Unit Linked Pension Annuity
What is it?
A policy purchased from an Insurance Company or which pays a level of income, linked to the performance of the Provider’s underlying investment fund(s), until the death of the insured life/lives.
Who is it for?
The unit linked option may be beneficial where an individual is comfortable taking an investment risk in order to potentially boost their pension income.
How does it work?
A ‘unit linked’ annuity allows the pension to share in the performance of the chosen provider’s investment fund(s). The pension income may alter each year depending on the level of growth achieved by this fund. In return for the prospect of rising income the initial level of income is reduced. The pension income may go down as well as up.
A more balanced position can be achieved by assuming a certain level of investment return each year. If the return on the chosen fund is ahead of the level selected at the outset, the annuity will increase. However, if the return is lower than the level selected at outset, the annuity will fall. By selecting, at outset, a realistic assumed return, a reasonable balance is likely to be achieved between the initial level of pension and the prospect for increments.
Unit linked annuities are provided on both single life or on an annuitant plus surviving spouses basis.

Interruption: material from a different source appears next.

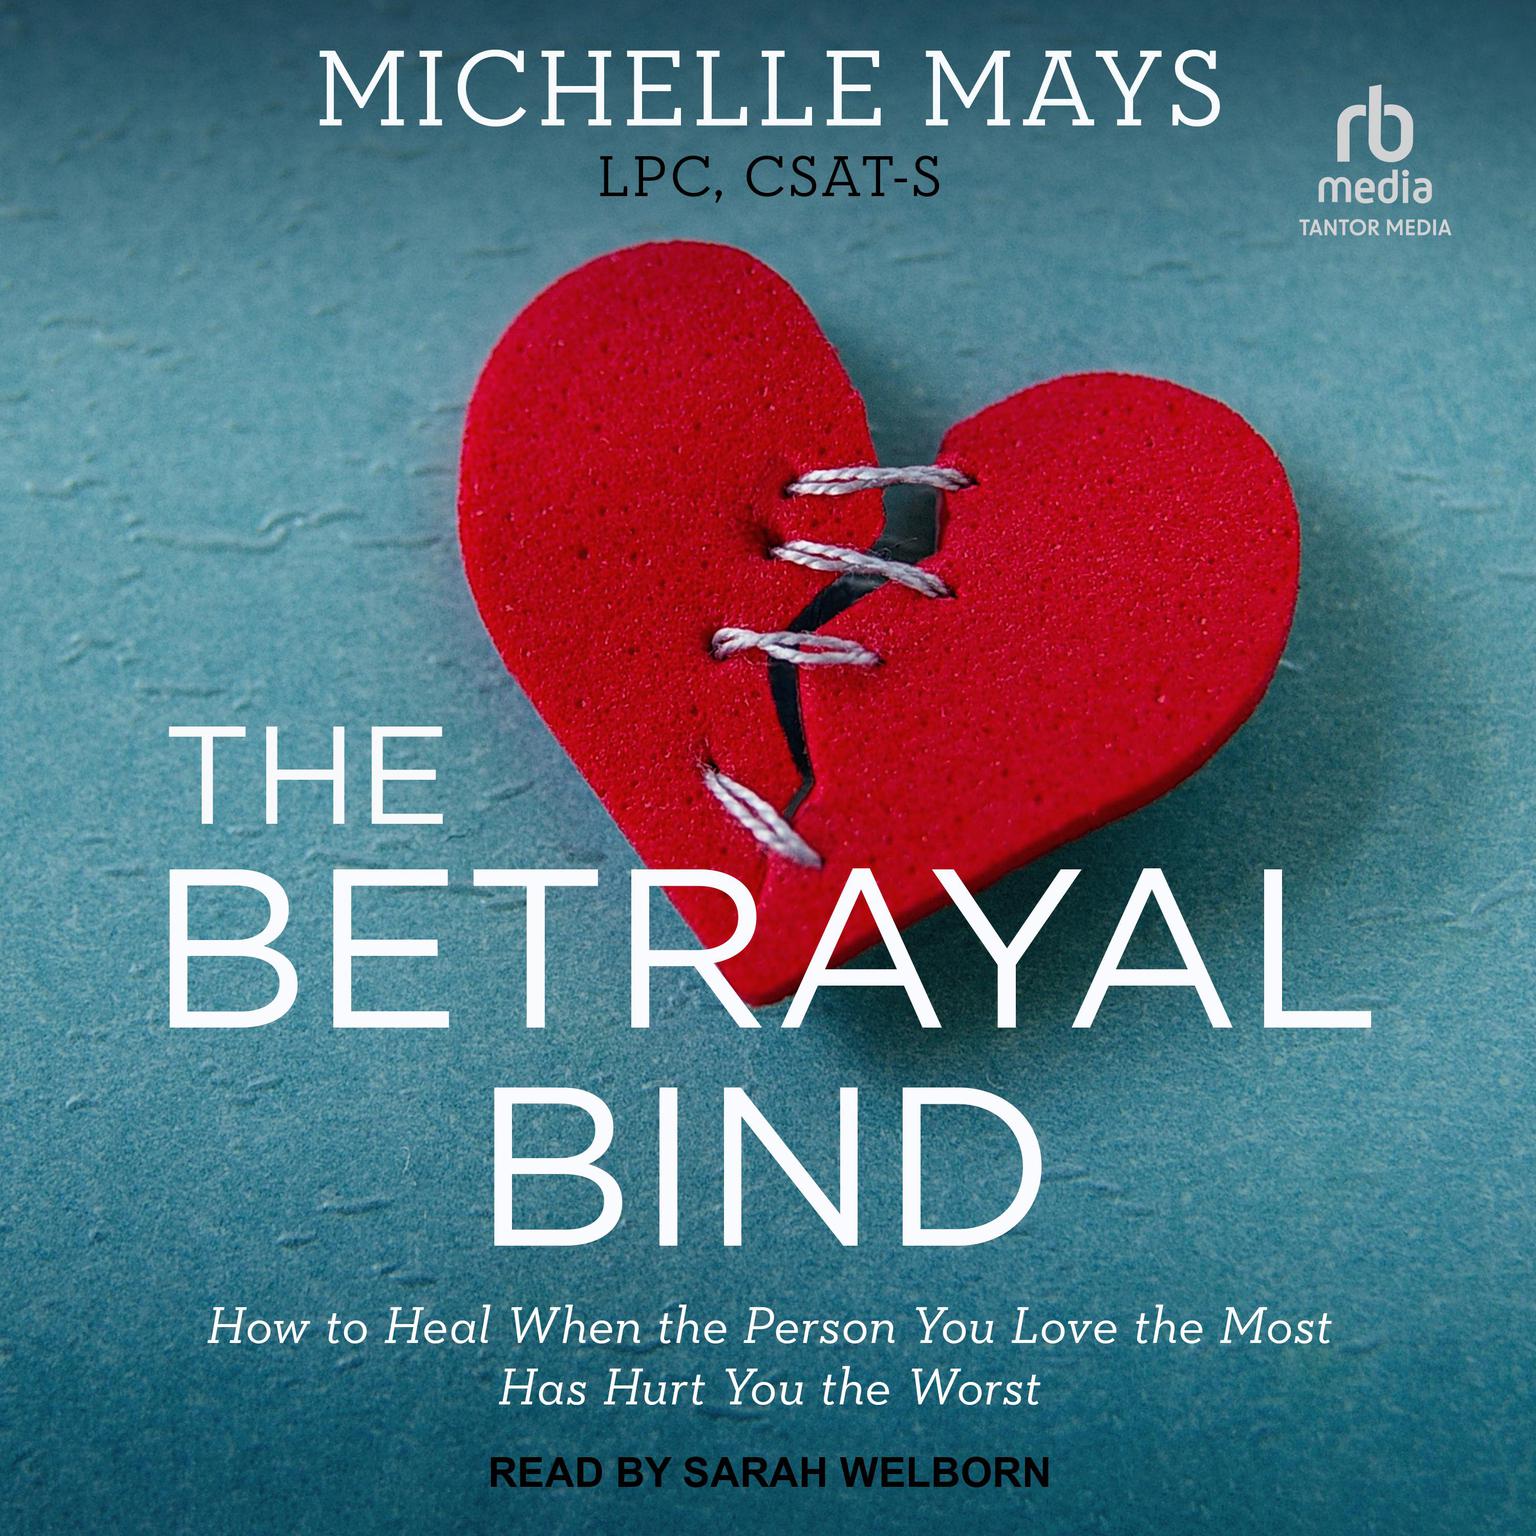 The Betrayal Bind: How to Heal When the Person You Love the Most Has Hurt You the Worst Audiobook, by Michelle Mays LPC, CSAT-S

The accumulated pension funds less any tax-free cash are spent with the purchase of an annuity. The income provided depends on annuity rates and selected options at the time of purchase. These rates are based on interest rates and longevity. Purchase of an annuity is a once in a lifetime choice – once purchased control of the pension fund is lost. However there is a continued involvement in the performance of the pension Provider’s ‘unit linked’ investment fund(s) throughout the lifetime of the annuity payments. Benefits once selected cannot be changed.
It may be possible for those with impaired health or who smoke to obtain better annuity rates.
What is the tax position?
Any pension income paid through the annuity will be treated as earned income and therefore subject to income tax at the individual’s marginal tax rate.